Passo a passo pra aplicar na sua empresa

  1. Identifique a obra-piloto certa (menos de 1 hora, faça hoje). Abra seu portfólio de obras e liste toda concretagem com malha de aço horizontal grande — laje de galpão, tabuleiro, radier de data center. Marque a de maior metragem contínua: quanto maior a área plana, melhor a conta do robô fecha, porque robôs de amarração provaram sua economia em grandes estruturas de concreto; numa laje industrial de 200.000 pés² que levaria de 8 a 12 dias com equipe humana, o robô completa em 4 a 6 dias.
  2. Calcule a economia de mão de obra em números seus. Pegue o total de nós estimado (metragem × densidade da malha) e divida por 250/hora (humano) vs 1.100/hora (robô). Na Flórida, a Shelby viu que o TyBOT pode economizar entre 200 e 300 horas-homem por obra, permitindo passar de uma equipe de cinco ou seis para dois ou três. Resultado esperado: você saberá se o piloto se paga só na primeira obra.

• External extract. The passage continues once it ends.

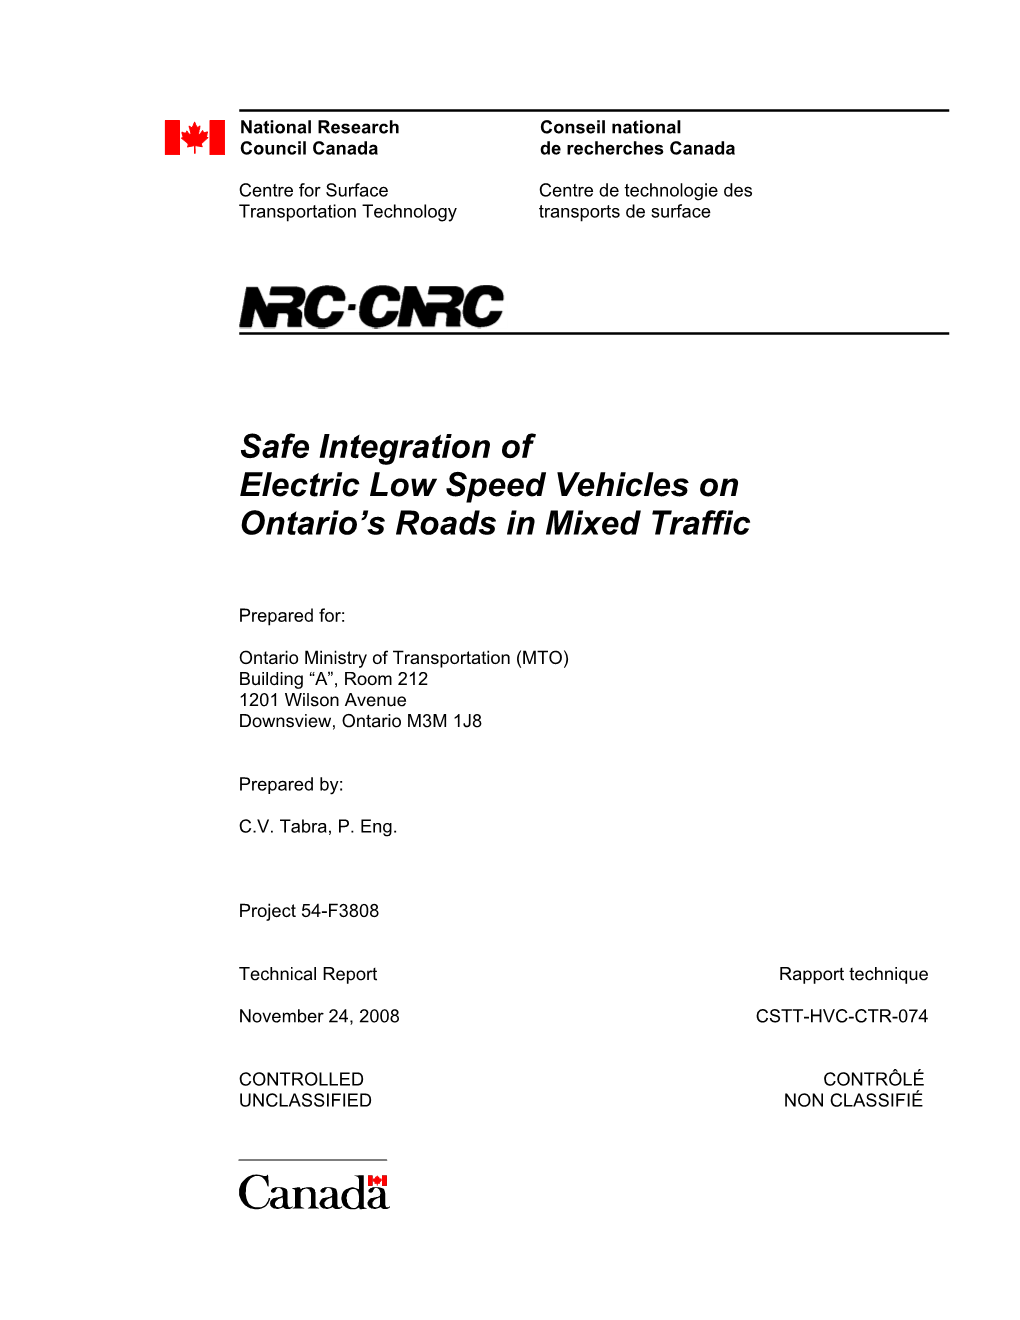 Safe Integration of Electric Low Speed Vehicles on Ontario's Roads in Mixed Traffic

  3. NÃO demita — realoque. A lógica que funciona é usar o robô no "bulk tie" (amarração em massa) e mandar a equipe posicionar aço à frente. Na ponte Koppel, a construtora escolheu AUMENTAR a equipe com o TyBOT em vez de reduzir pessoal, o que deixou a equipe completar sub-atividades — carregar e posicionar ferragem — mais rápido e eficiente. Resultado: você acelera sem perder gente qualificada num mercado que não tem gente.
  4. Ajuste o sequenciamento com o construtor/prime. Alinhe com quem coordena a obra que o trilho de régua precisa estar pronto antes. Segundo Nix, o TyBOT roda no trilho de régua, então o construtor precisa tê-lo posicionado antes da instalação da ferragem — isso muda o cronograma e o fluxo de trabalho, mas não o custo do projeto. Resultado esperado: zero surpresa de logística no primeiro dia.

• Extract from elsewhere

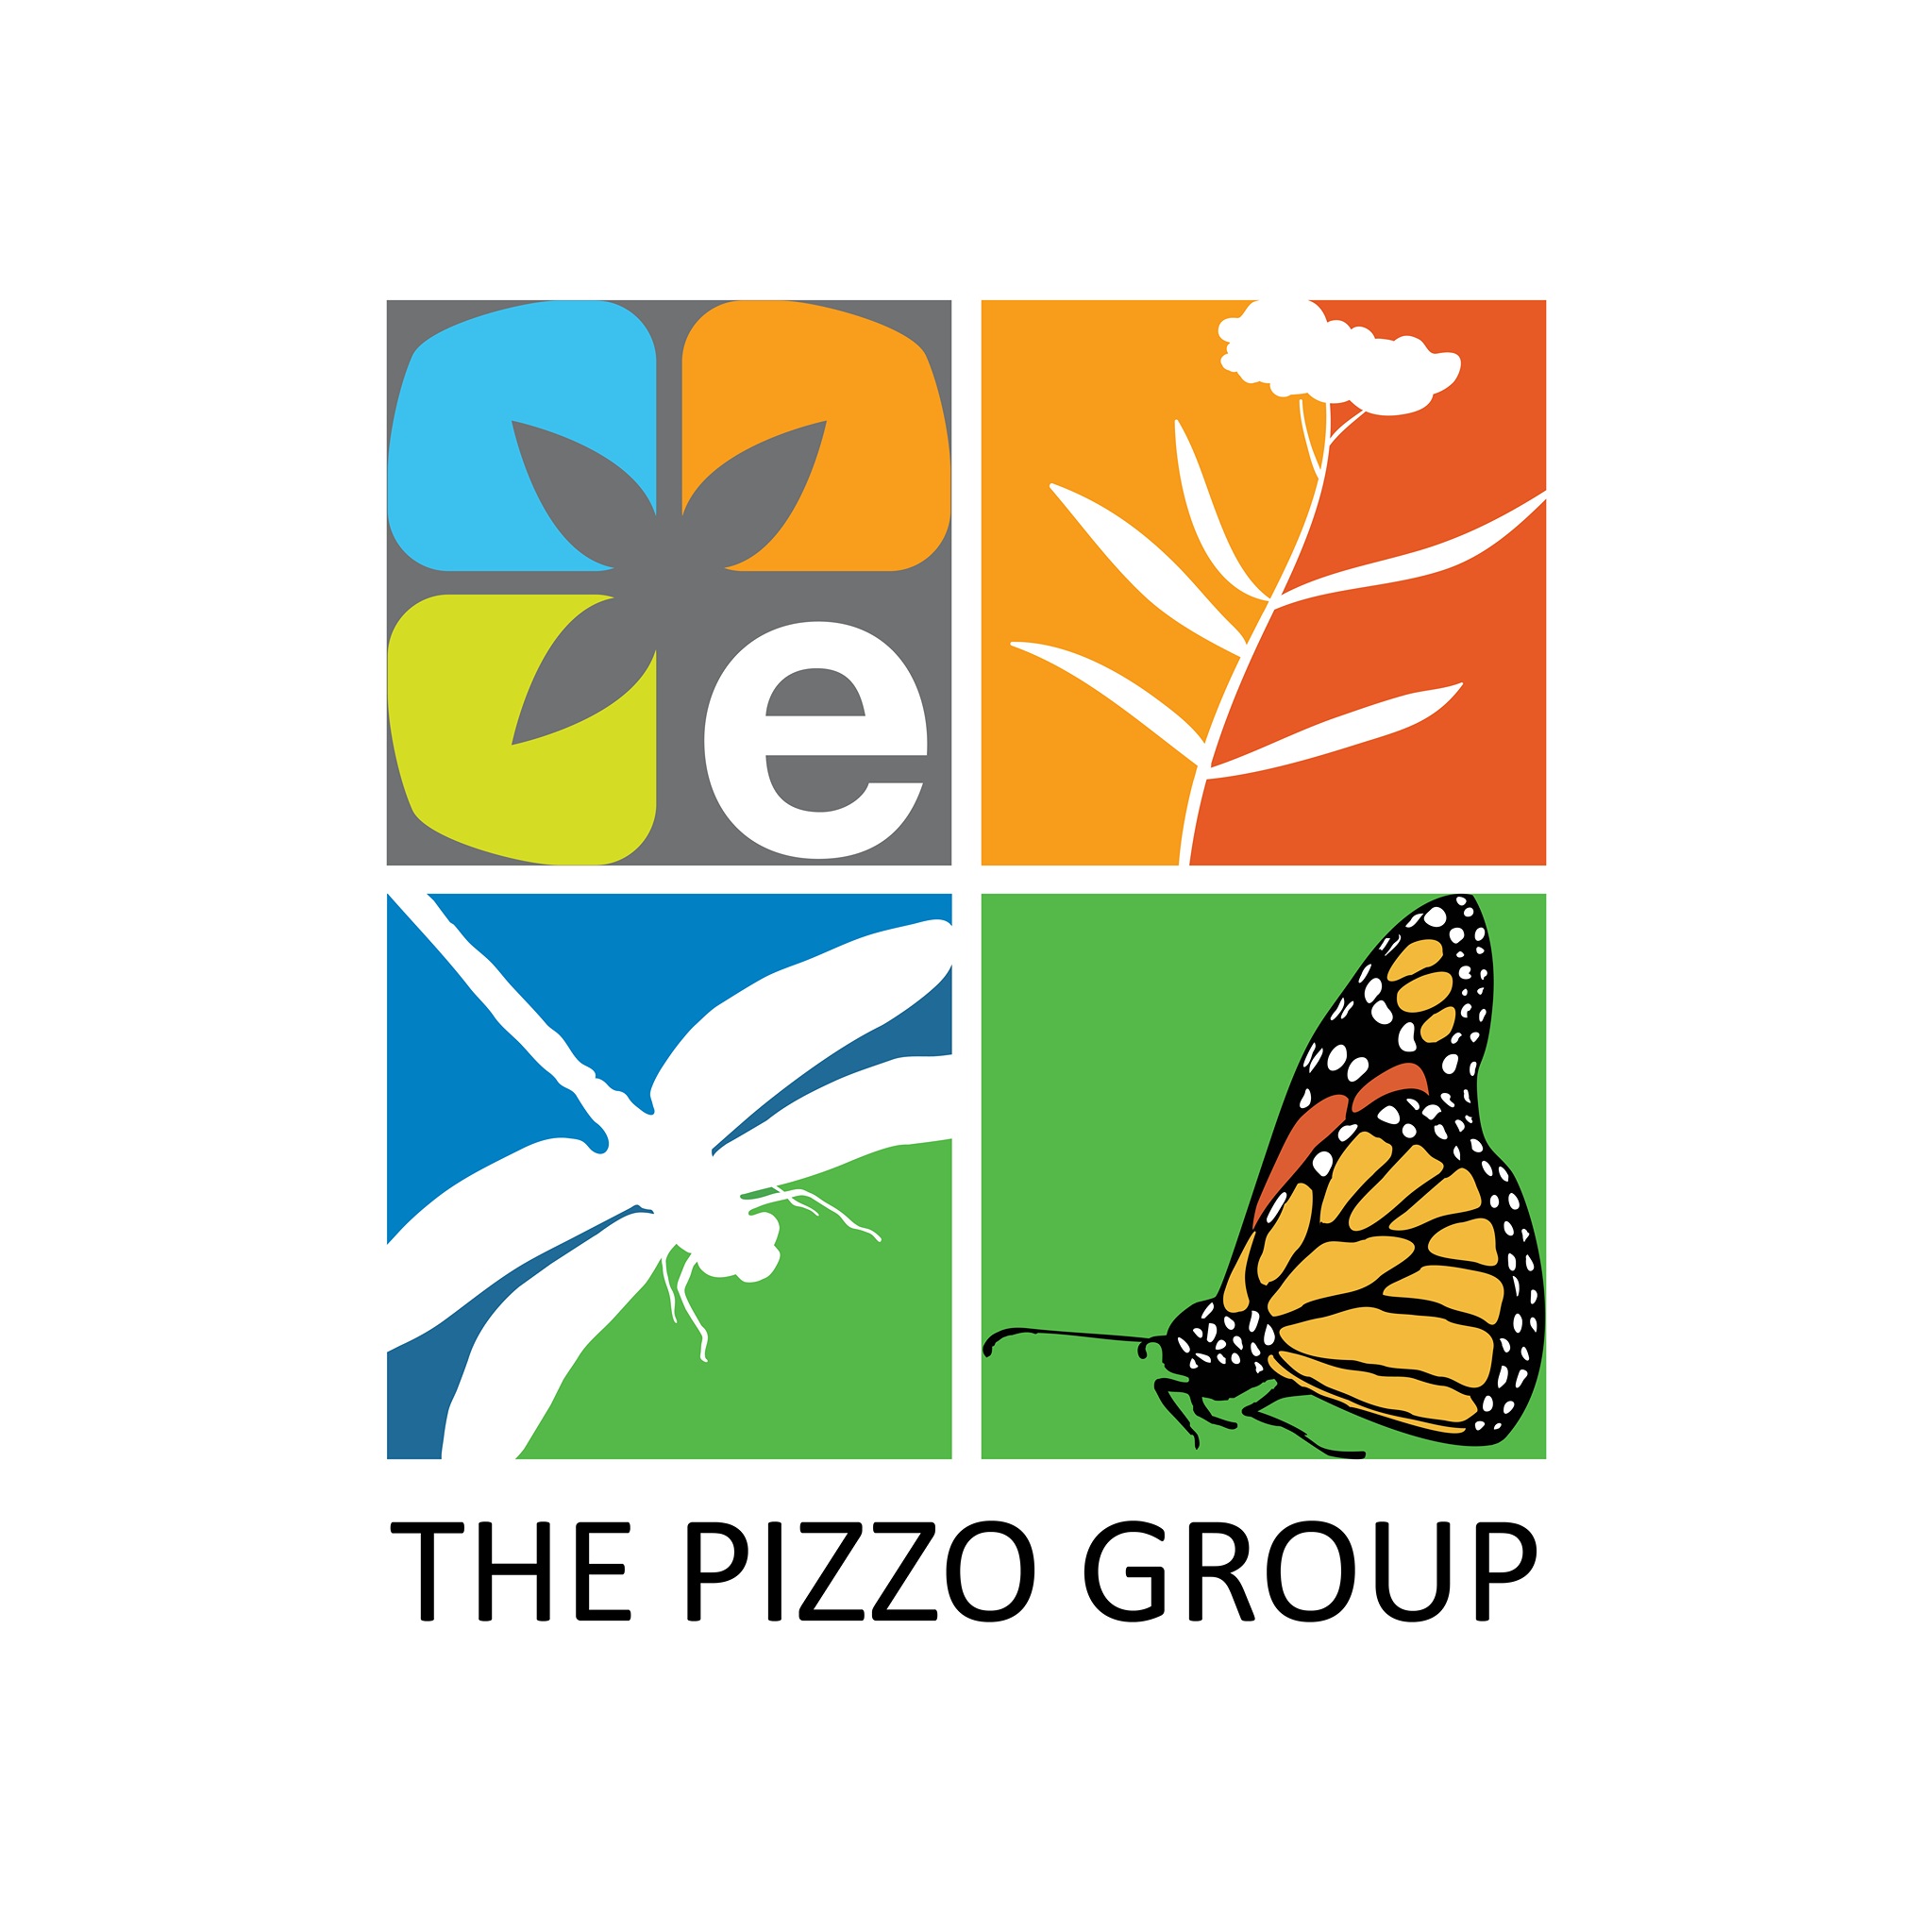 The Pizzo Group

  5. Treine o supervisor entre seus próprios armadores. Não crie um cargo full-time separado. A Shelby descobriu que um supervisor full-time ficava ocioso quando o robô alcançava a equipe de posicionamento — então passaram a treinar os próprios rodbusters pra operar o robô. Resultado: custo de operação mínimo e a equipe "compete" com o robô, o que empurra o ritmo.

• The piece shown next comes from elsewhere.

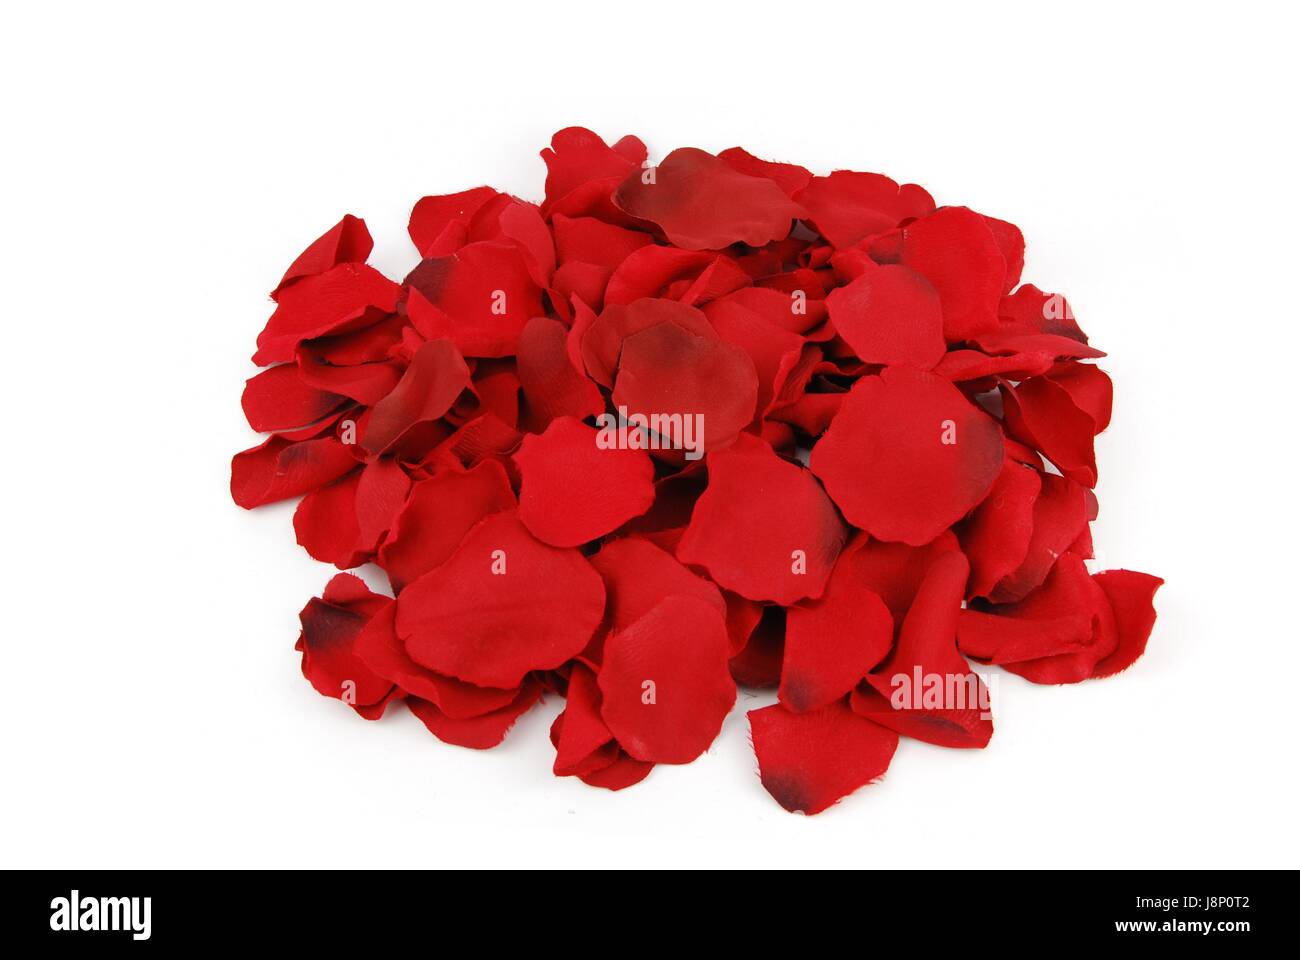 flower, plant, rose, petal, passion, love, in love, fell in love, valentine, Stock Photo

  6. Meça e documente o ROI da primeira obra. Use o portal de dados que vem incluído. O treinamento de operação vem no preço de venda, junto com atualizações de software e acesso a um portal online pra rastrear uso e produtividade. Compare horas-homem planejadas vs reais e cronograma planejado vs real. Resultado: você tem o business case pronto pra a próxima obra e pra convencer o dono do empreendimento.

O que muda na sua operação

O ganho real não é "trocar homem por máquina" — é redistribuir onde a mão de obra qualificada, que está sumindo, é aplicada. A demografia da mão de obra pesa: a força de trabalho da construção envelhece mais rápido do que é reposta, e robôs que removem tarefas perigosas, repetitivas e ergonomicamente exigentes — como amarração de ferragem — ficam mais fáceis de justificar quando a alternativa é um pool de mão de obra encolhendo. Some a isso o ganho de qualidade: o TyBOT garante colocação uniforme dos nós nas malhas superior e inferior, reduzindo retrabalho custoso e melhorando os resultados de inspeção.

O comercial confirma que o modelo amadureceu: "com mais de 65 implantações em campo pelo país, o TyBOT provou que entrega pelo menos 25% de economia nas operações de instalação e está rapidamente virando uma ferramenta aceita do ofício", diz a CEO. Se você toca obra de infraestrutura, laje industrial ou galpão logístico grande, o próximo passo é pequeno e barato: pegue sua maior concretagem do trimestre, rode a conta do Passo 2 e leve o número pro seu engenheiro. A vanguarda lá fora já não discute "se" — discute em qual obra começar.